Alexandre Barro Chambrier, IMF Executive Director, summed up the proceedings by emphasizing that sound macroeconomic policies and structural and institutional reforms, coupled with good governance in all its aspects, were required for African countries to successfully reap the benefits of globalization, accelerate growth, and reduce poverty. But, Barro Chambrier added, Africa also needs peace and security. Thus, urgent steps must be taken to prevent conflicts and resolve disputes promptly.

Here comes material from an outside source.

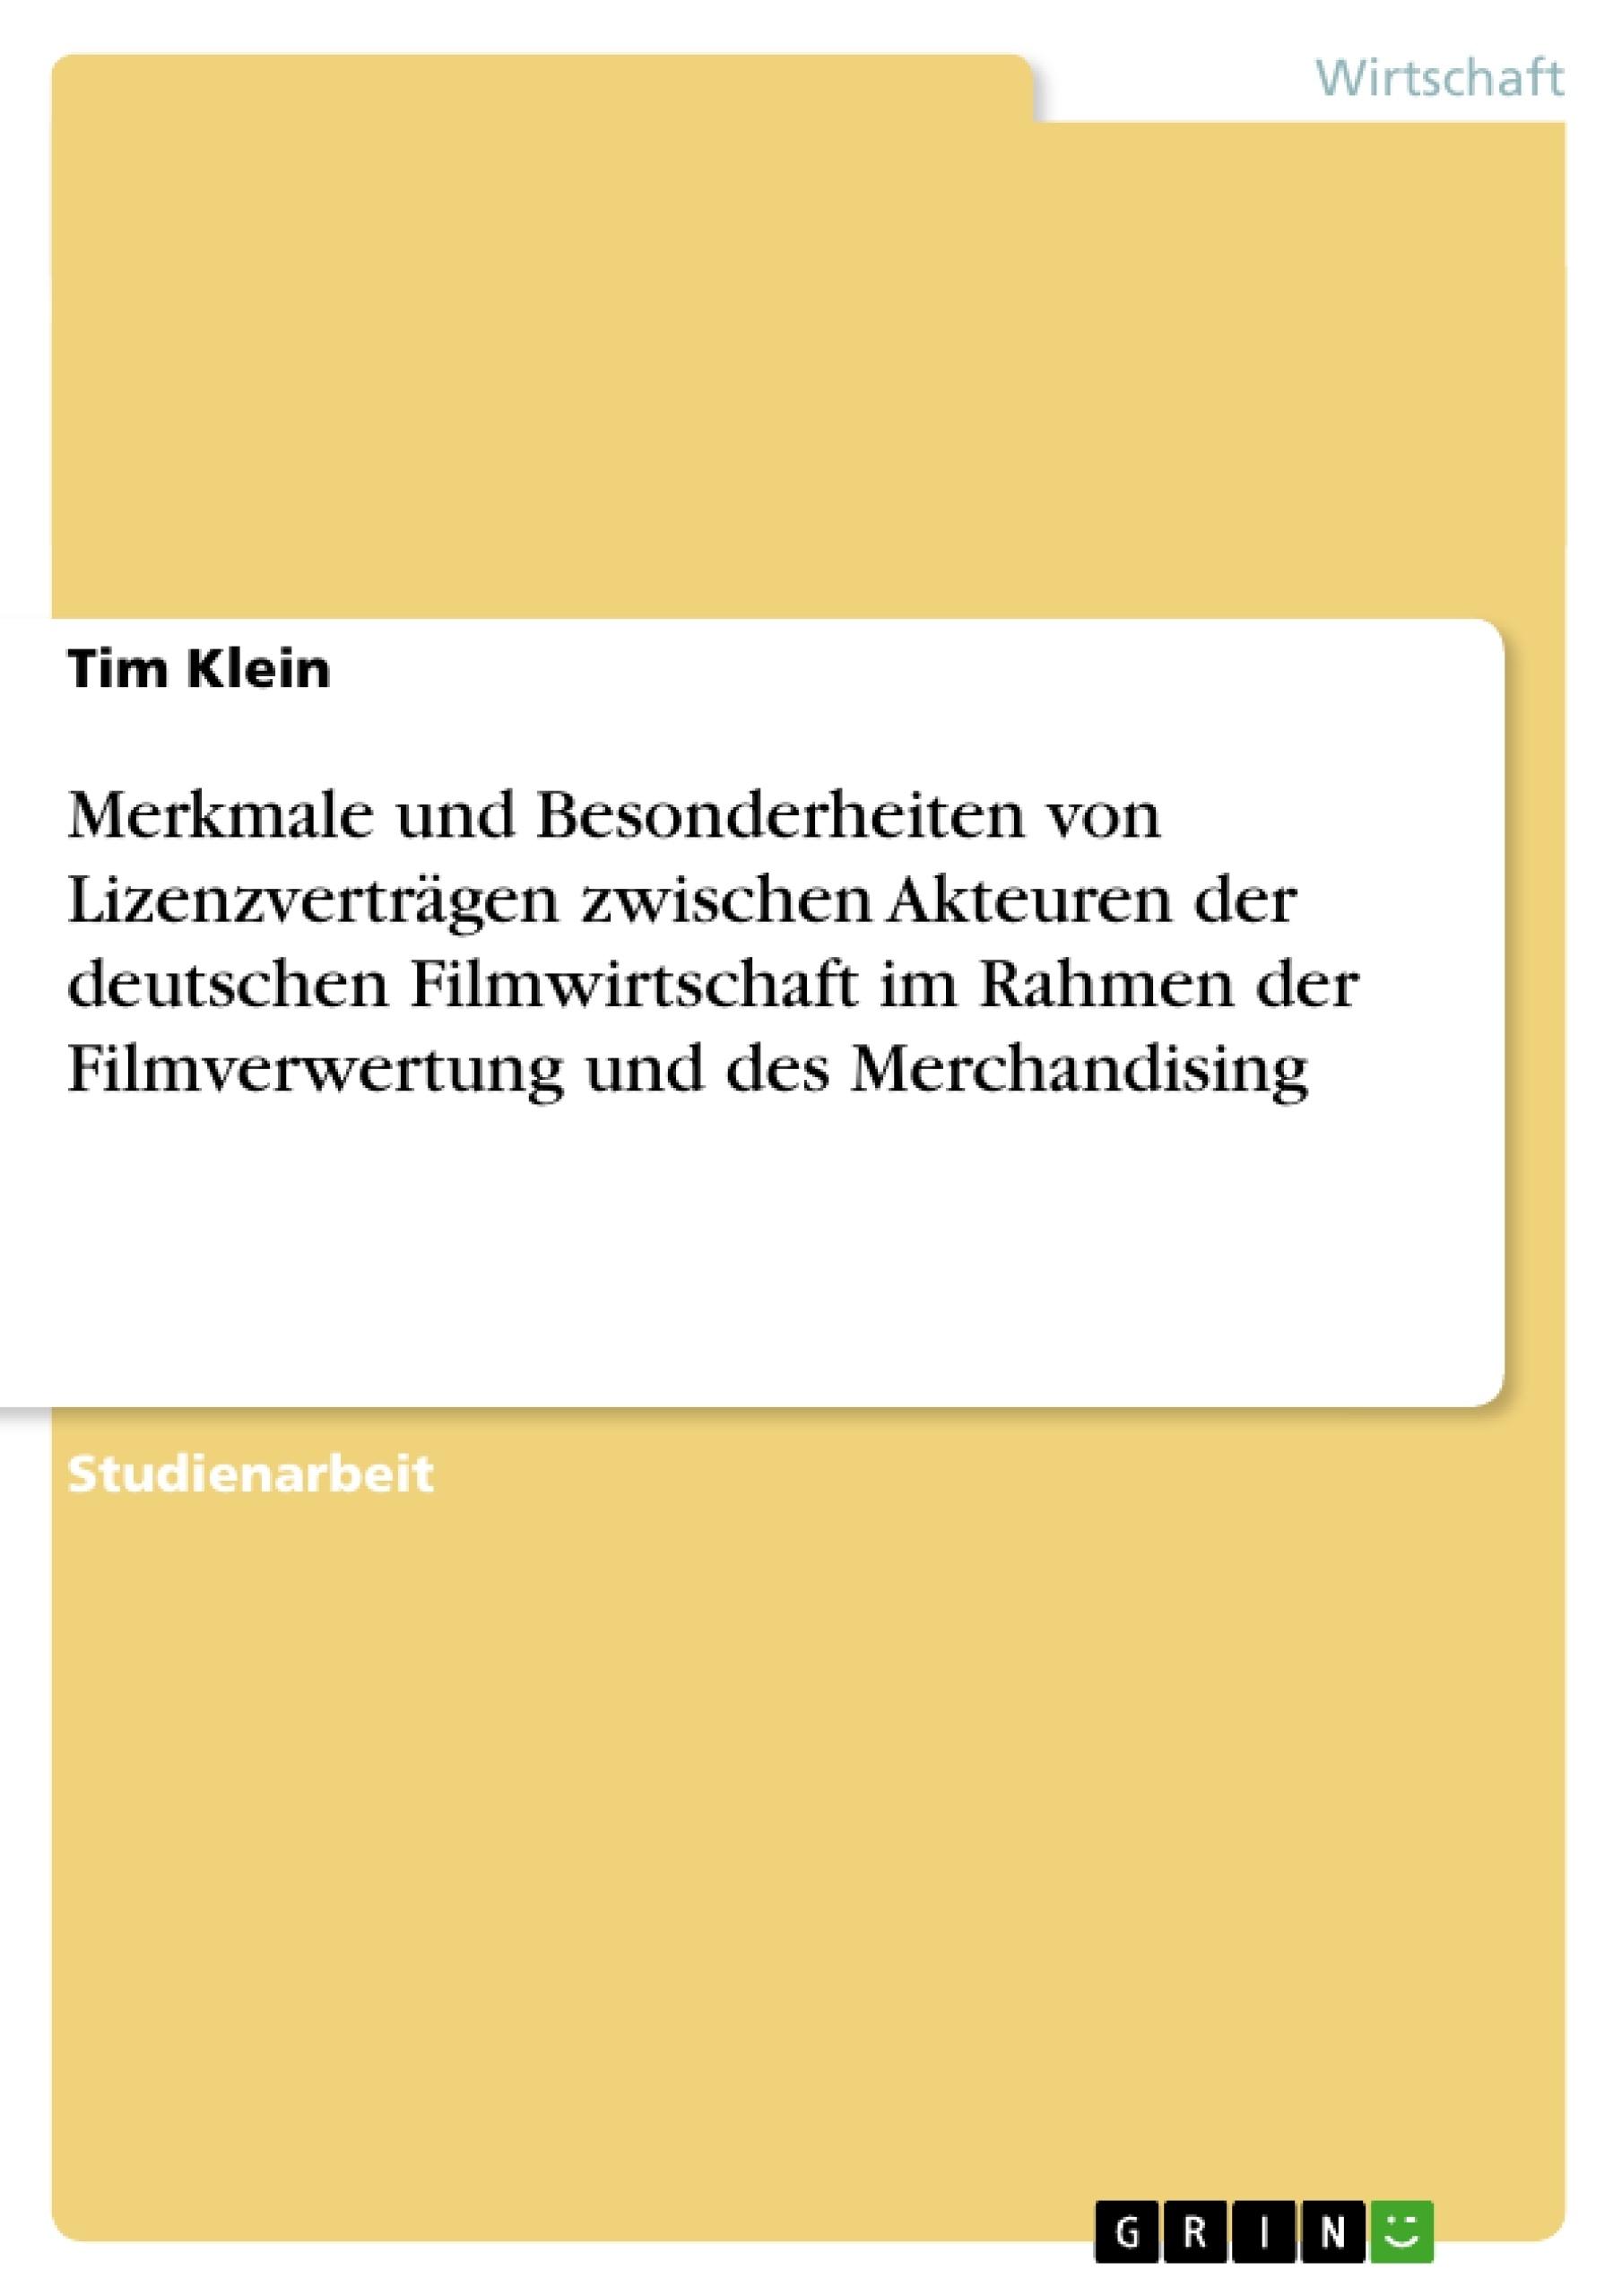 Titel: Merkmale und Besonderheiten von Lizenzverträgen zwischen Akteuren der deutschen Filmwirtschaft im Rahmen der Filmverwertung und des Merchandising

Finally, Barro Chambrier noted that, to be successful, the reform efforts of African countries should be supported more strongly by industrial countries and multilateral institutions. The international community could make a vital contribution to Africa’s welfare by maintaining steady noninflationary growth in the world economy and strengthening the international financial architecture; actively supporting efforts to restore peace and security in affected countries; giving poor countries free access to industrial country markets, especially for agricultural products; providing deeper and faster debt relief to all eligible countries under the enhanced HIPC Initiative; and increasing official development assistance.